Your task:
Return all of the data that follows precisely, leaving every image out.

Dataset section:
※ ※ ※

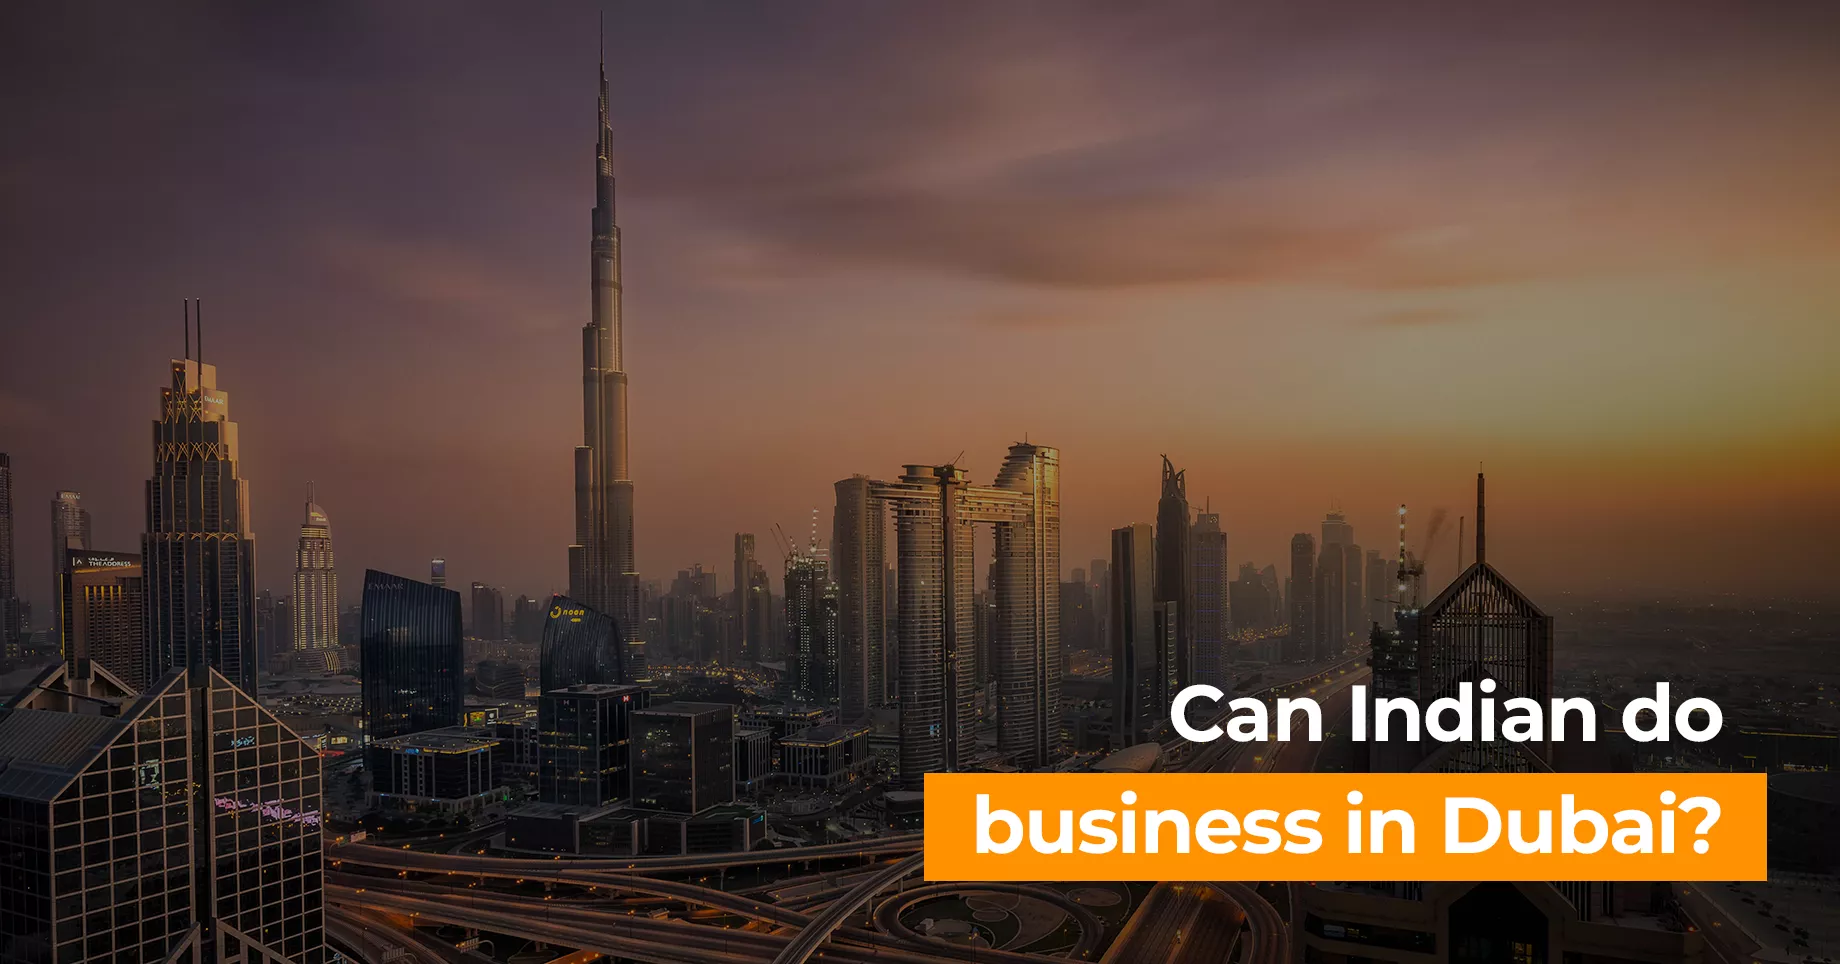 Can Indian do business in Dubai?
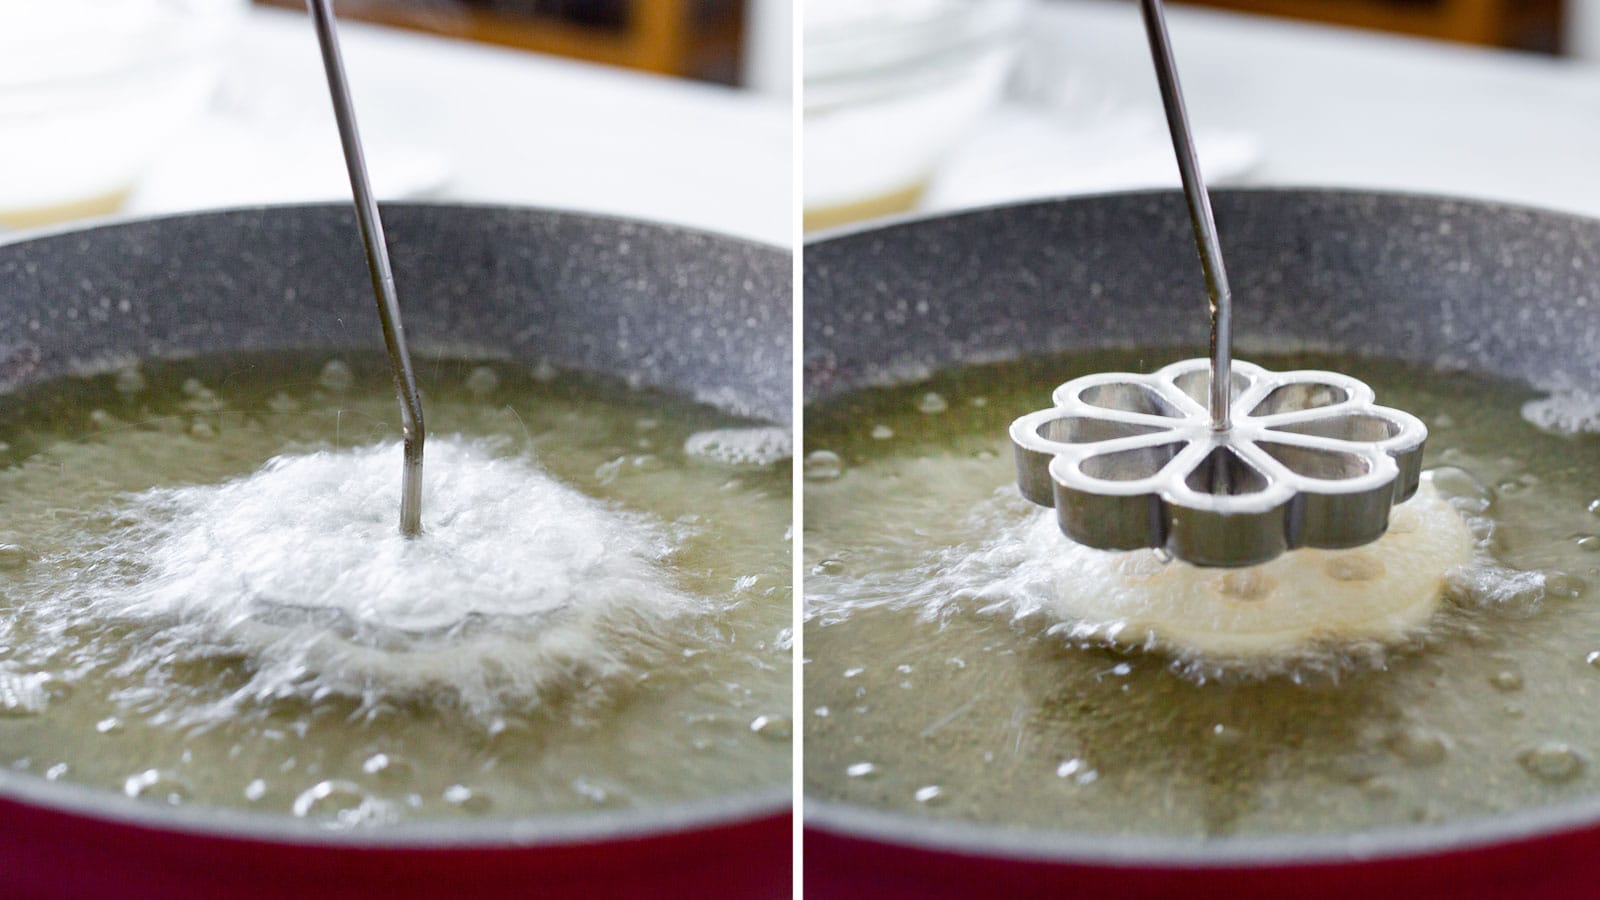 A collage with two photos of immersing the mold with batter into the oil and lifting it to detach the buñuelo.
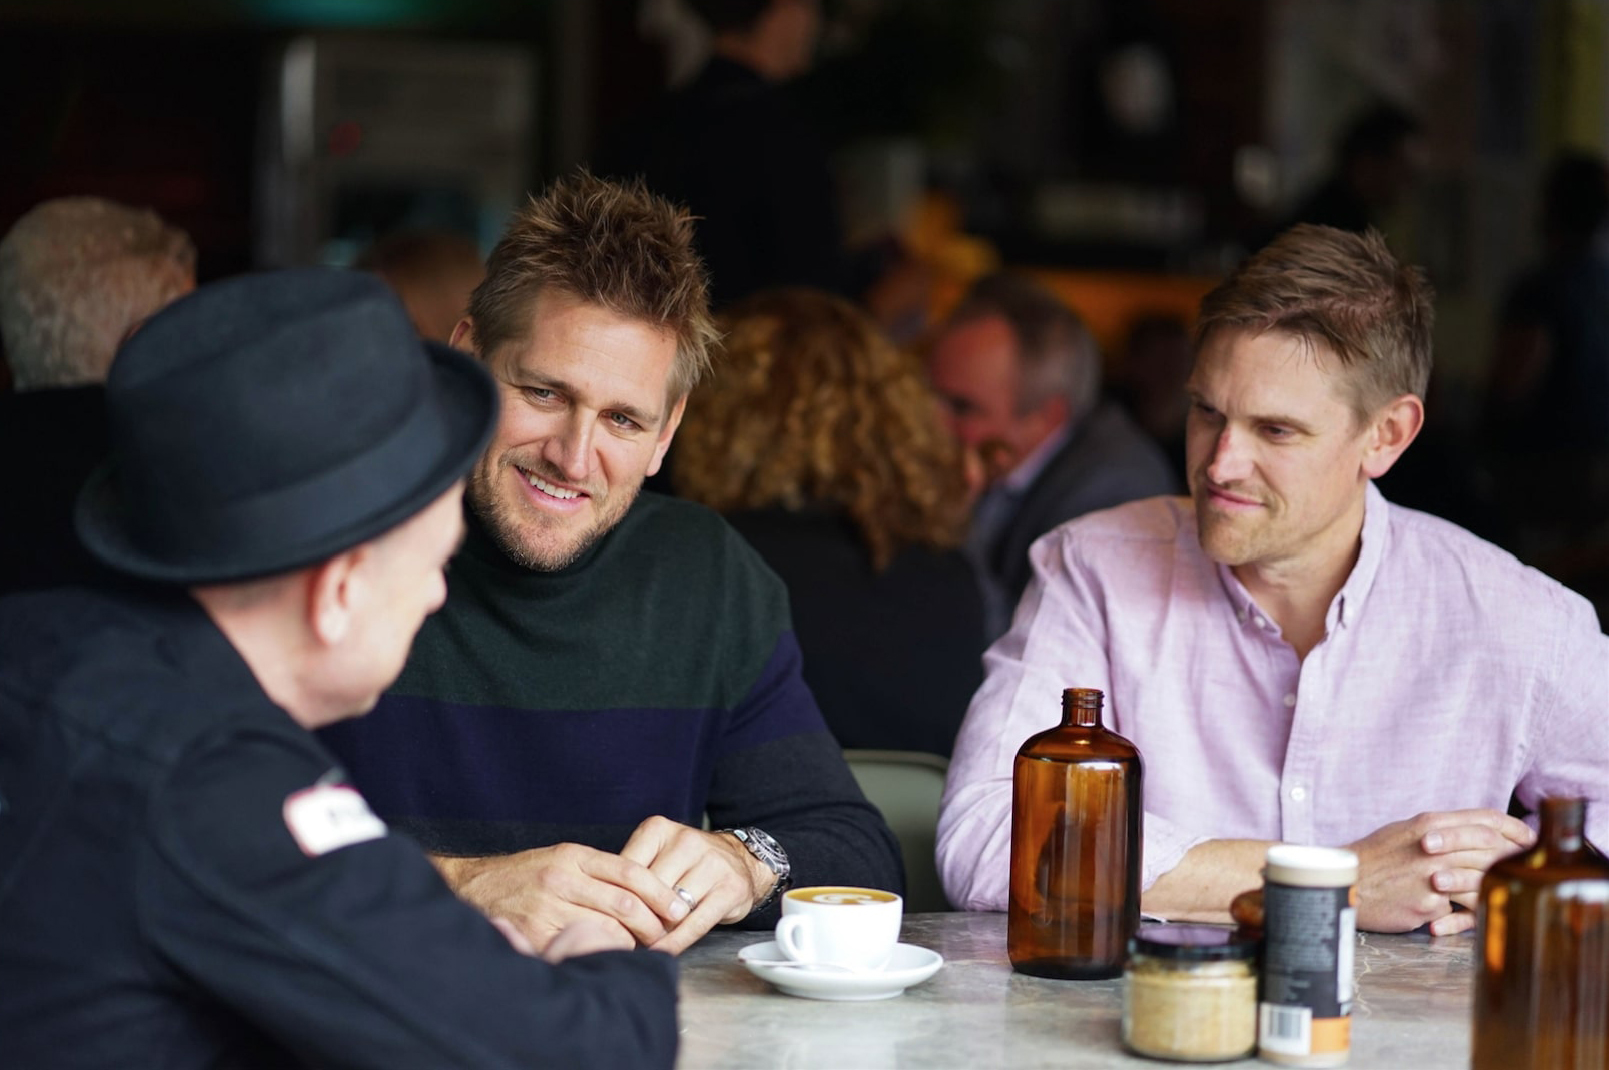 https://www.usmagazine.com/wp-content/uploads/2022/04/Curtis-Stone-Inside-a-Day-in-My-Life-8-AM.jpg?quality=86&strip=all
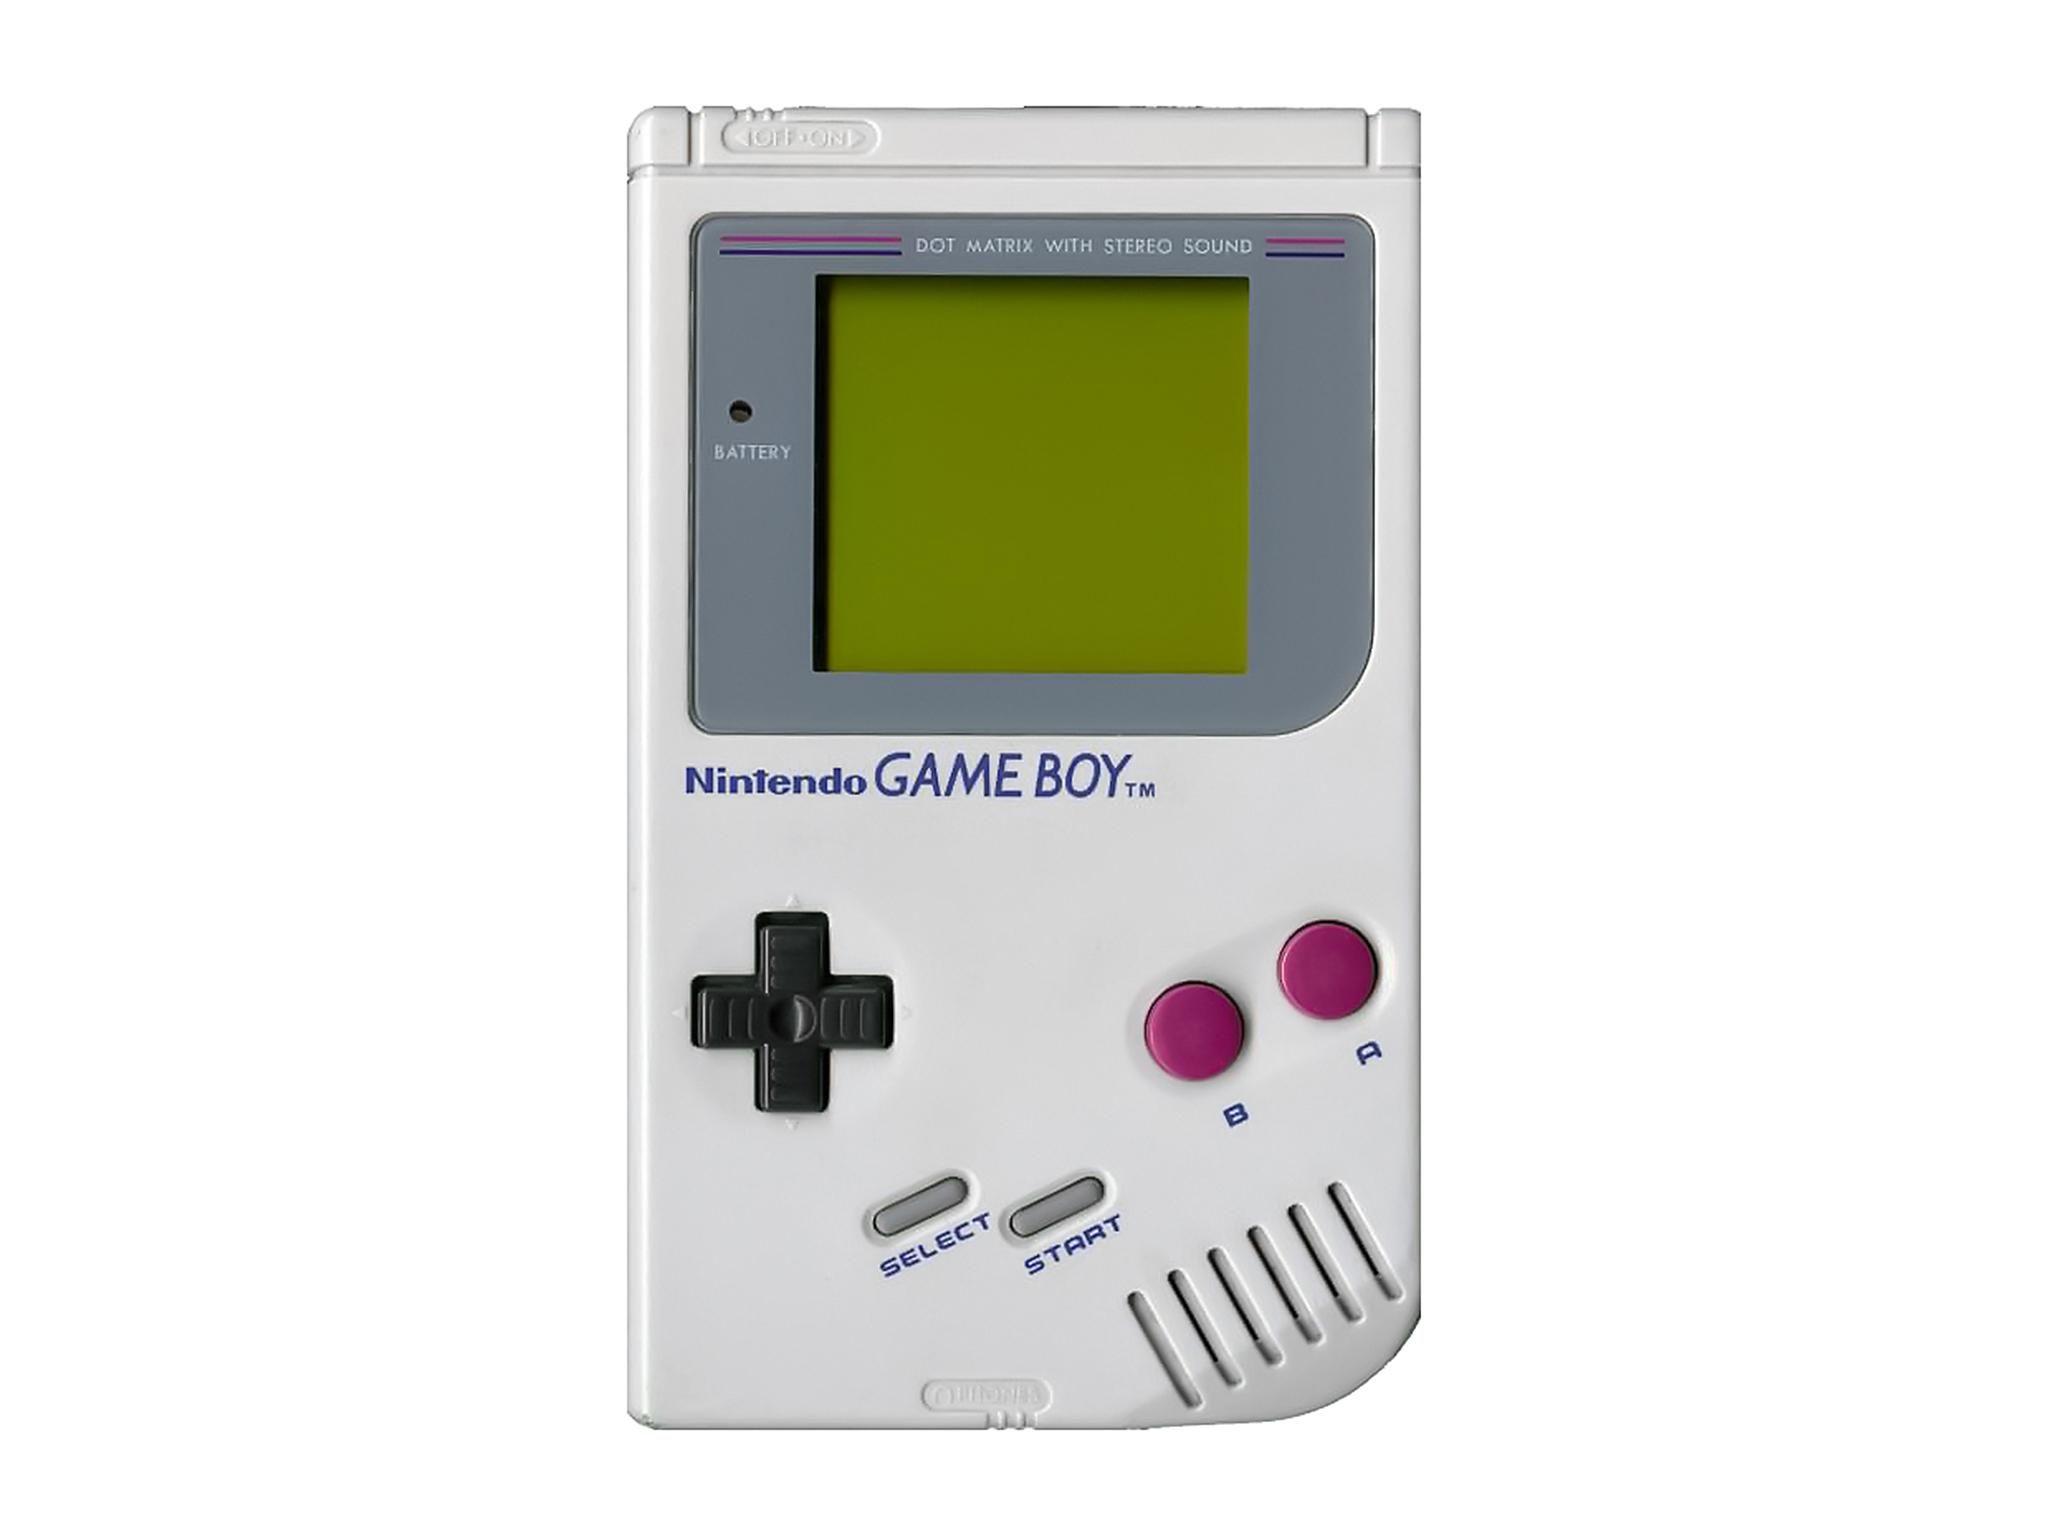 Game Boy could be latest classic console to return, Nintendo

※ ※ ※

Response for this exercise:
 Can Indian do business in Dubai?
 A collage with two photos of immersing the mold with batter into the oil and lifting it to detach the buñuelo.
 https://www.usmagazine.com/wp-content/uploads/2022/04/Curtis-Stone-Inside-a-Day-in-My-Life-8-AM.jpg?quality=86&strip=all
 Game Boy could be latest classic console to return, Nintendo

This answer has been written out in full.